The algorithm reached convergence in 4 iterations.

IterationExecution TimeDelta (Max Absolute Change)
01,030 ms0.001349
1629 ms0.002393
2578 ms0.002487
3543 ms0.002112
4645 ms0.000971 (Converged)

3. Partitioning Strategies — Before / After

Baseline (default hash partitioning)

No explicit repartitioning. Spark’s default hash partitioner assigns rows to partitions by hash(all columns) % numPartitions. When edges is joined to ranks on src == id, Spark must shuffle both sides to co-locate matching keys, even if edges was already read from CSV with a natural hash.

Optimized (repartition by join key)

edges_repartitioned  = edges_raw.repartition(N_PARTS, "src").cache()
out_deg_repartitioned = out_degree.repartition(N_PARTS, "src").cache()

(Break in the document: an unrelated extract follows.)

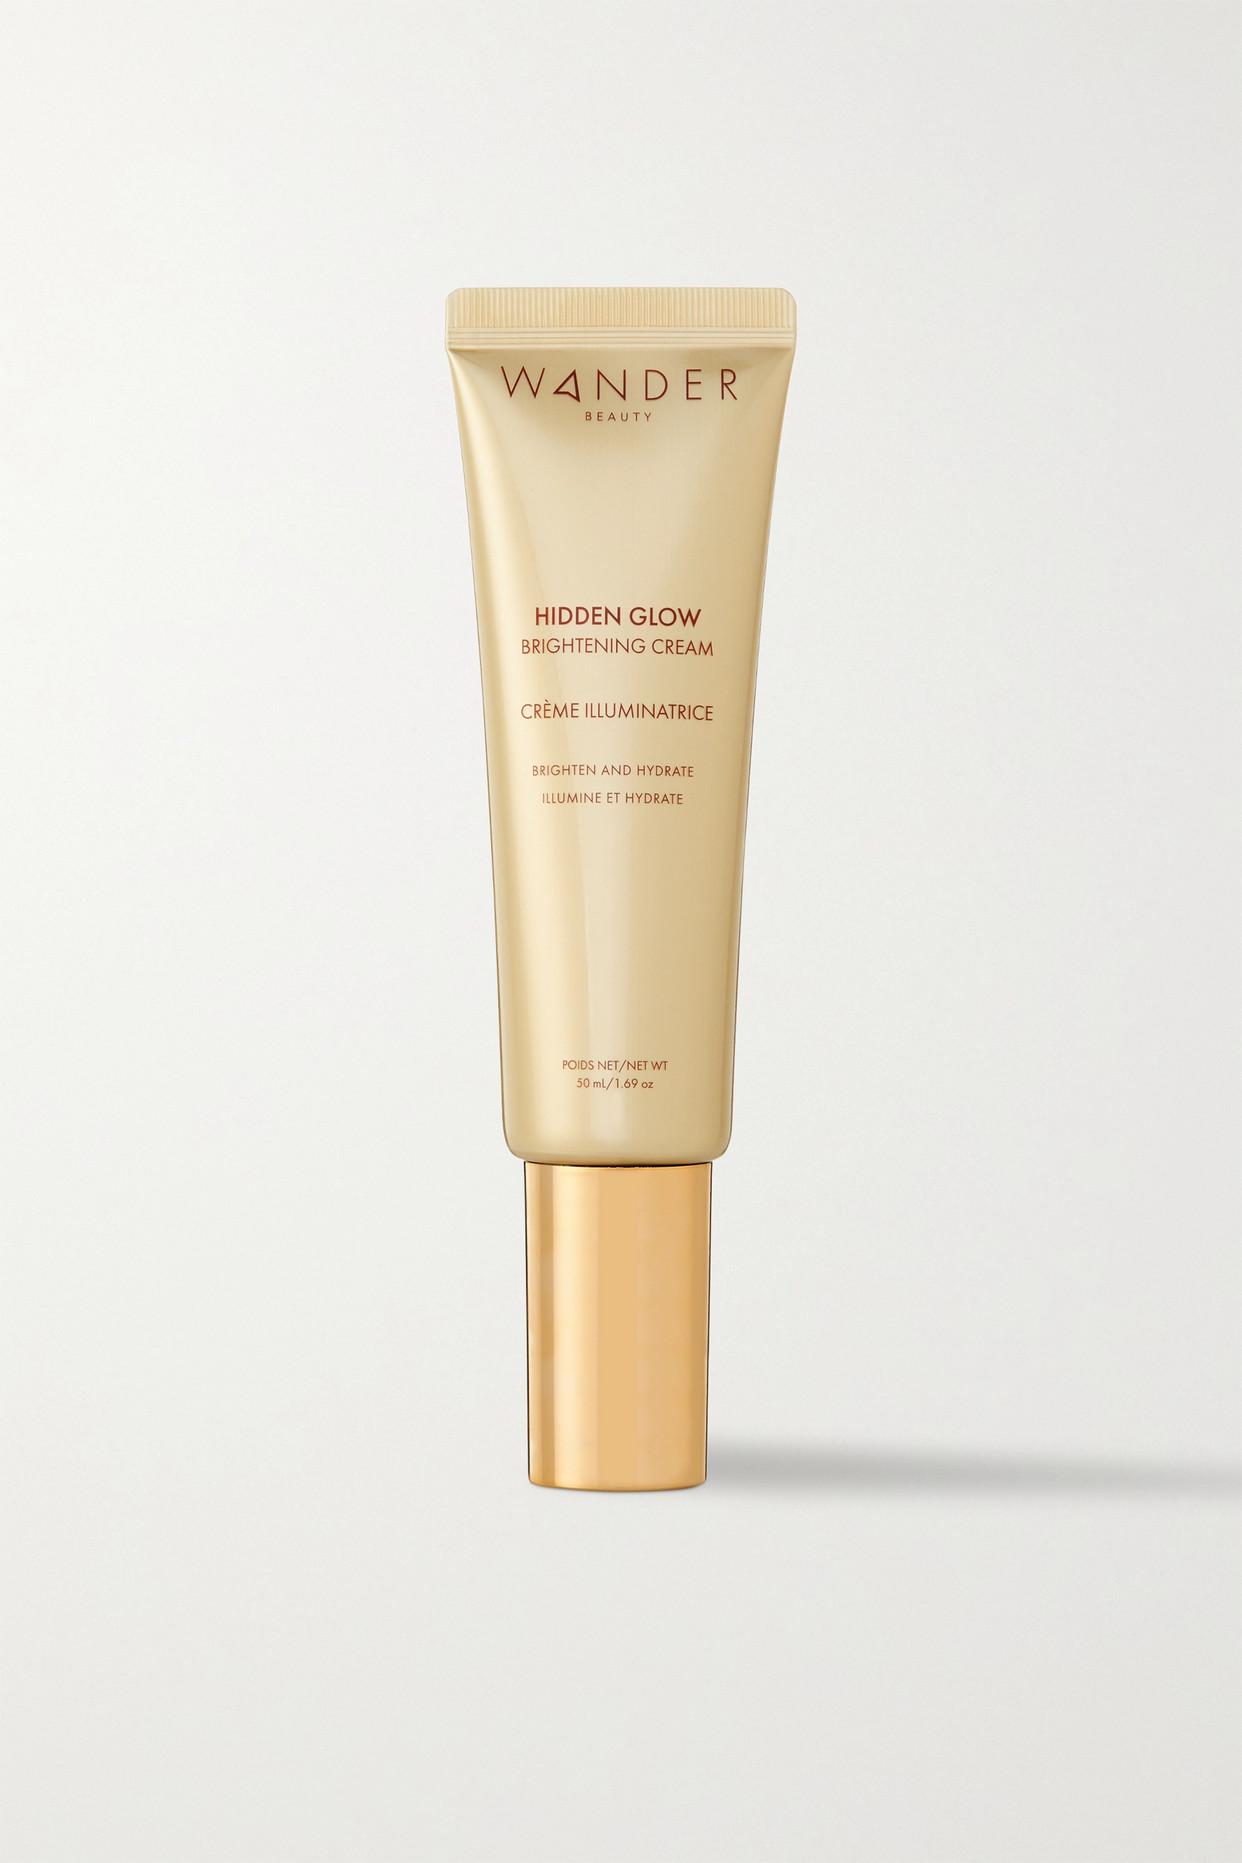 WANDER BEAUTY - Hidden Glow Brightening Cream, 50ml - one size

Both DataFrames are hash-partitioned by "src" (the join key) once, before the loop. Inside the loop, joining edges_repartitioned with ranks on src == id can still require shuffling ranks (since ranks is re-computed each iteration), but the edges side is stable and never re-shuffled. The out_degree join is now entirely co-located.

Execution Plan Analysis (Spark SQL Plan):

  • Baseline (plan_before.txt): Frequent Exchange hashpartitioning operators are visible, indicating that data is redistributed across the network during every join operation.
  • Optimized (plan_after.txt): While an initial Exchange is introduced, it prepares the partitions for subsequent iterations, eliminating redundant data movement.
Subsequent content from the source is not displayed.